There’s a class of AI risk mitigation strategies which relies on the users to perform the pivotal act using tools created by AI (e.g. nanosystems). These strategies are especially appealing if we want to avoid human models. Here is a concrete alignment protocol for these strategies, closely related to AQD, which we call autocalibrating quantilized RL (AQRL).

First, suppose that we are able formulate the task as episodic RL with a formally specified reward function. The reward function is necessarily only a proxy for our true goal, since it doesn’t contain terms such as “oh btw don’t kill people while you’re building the nanosystem”. However, suppose the task is s.t. accomplishing it in the intended way (without Goodharting or causing catastrophic side effects) is easier than performing any attack. We will call this the “relative difficulty assumption” (RDA). Then, there exists a value for the quantilization parameter s.t. quantilized RL performs the task in the intended way.

We might not know how to set the quantilization parameter on our own, but we can define a performance goal for the task (in terms of expected total reward) s.t. the RDA holds. This leads to algorithms which gradually tune the quantilization parameter until the performance goal is met, while maintaining a proper balance between safety and sample complexity. Here it is important to keep track of epistemic vs. aleatoric uncertainty: the performance goal is the expectation of total reward relatively to aleatoric uncertainty (i.e. the stochasticity of a given hypothesis), whereas the safety goal is a bound on the expected cost of overshooting the optimal quantilization parameter relatively to both aleatoric and epistemic uncertainty (i.e. uncertainty between different hypotheses). This secures the system against malign hypotheses that are trying to cause an overshoot.

Notice the hardening the system (i.e. making it more secure using conventional methods) increases the likelihood of the RDA. That is, although it is infeasible to manually harden the system against superintelligent attacks, it can very well be feasible to harden it against attacks available at the minimal level of optimization power (= quantilization parameter) required to meet the performance goal, at least to such an extent that the intended solution becomes more appealing for the AI.

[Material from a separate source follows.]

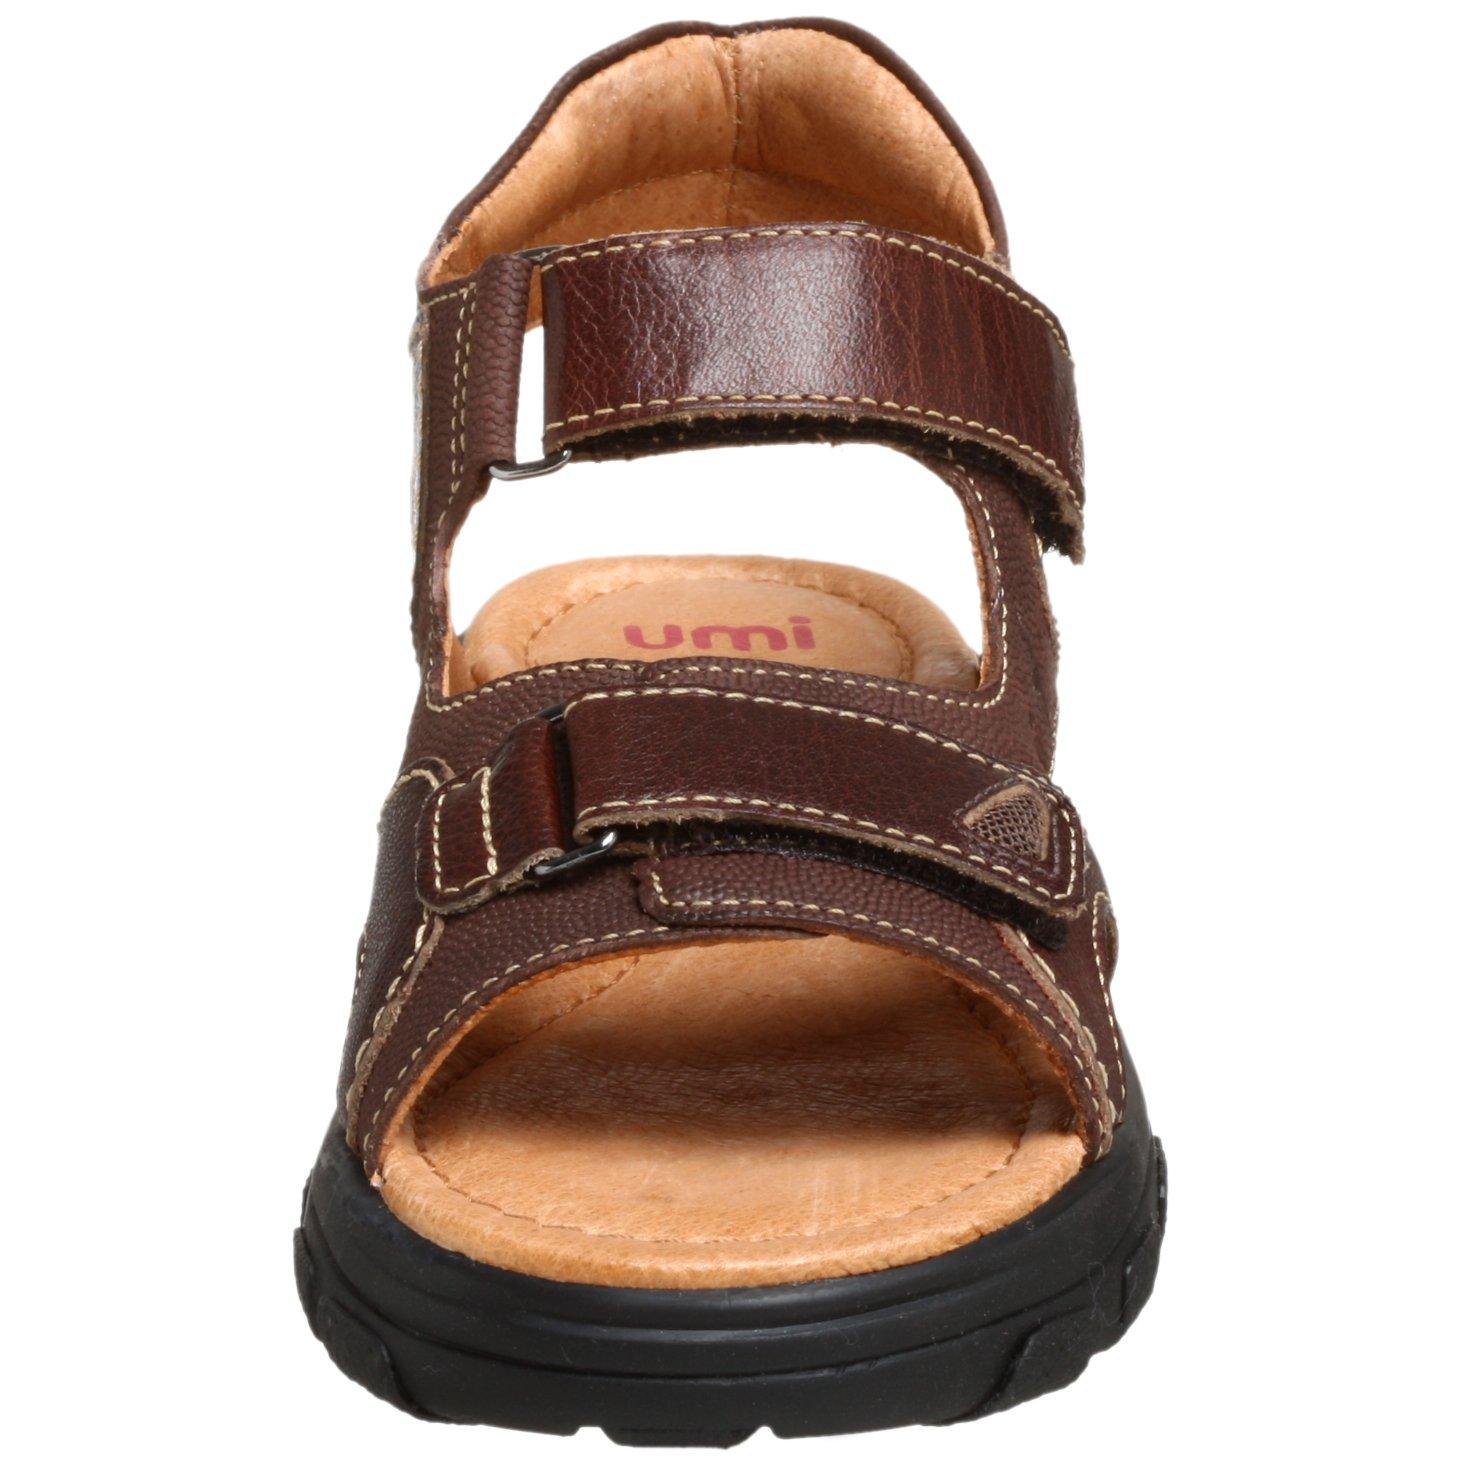 umi Toddler//Little Kid Wallaroo Sandal

AQRL involves the risk that the RDA is false, even though it seems true to the designers. To mitigate this risk, we can deploy honeypots. That is, we add auxiliary goals to our reward function s.t. (i) if the goal is reached, maximal total reward is awarded (ii) the goal is harmless in itself (iii) reaching the goal is still harder than the intended solution, but by a smaller margin than performing attacks (iv) we can detect the event of reaching the goal. For example, suppose that the AI is not supposed to have Internet access, so gaining Internet access is a path to a variety of possible attacks. Then, we can add an auxiliary goal of the form “send such-and-such innocuous packet to such-and-such IP address”. If the RDA is false and the AI succeeds gaining Internet access earlier (on the quantilization parameter scale) than reaching the performance goal, once the AI sent the packet it will randomize all its remaining actions (since it is operating at the earliest quantilization parameter which allows this). The users will then be alerted that security was breached and rethink their next steps.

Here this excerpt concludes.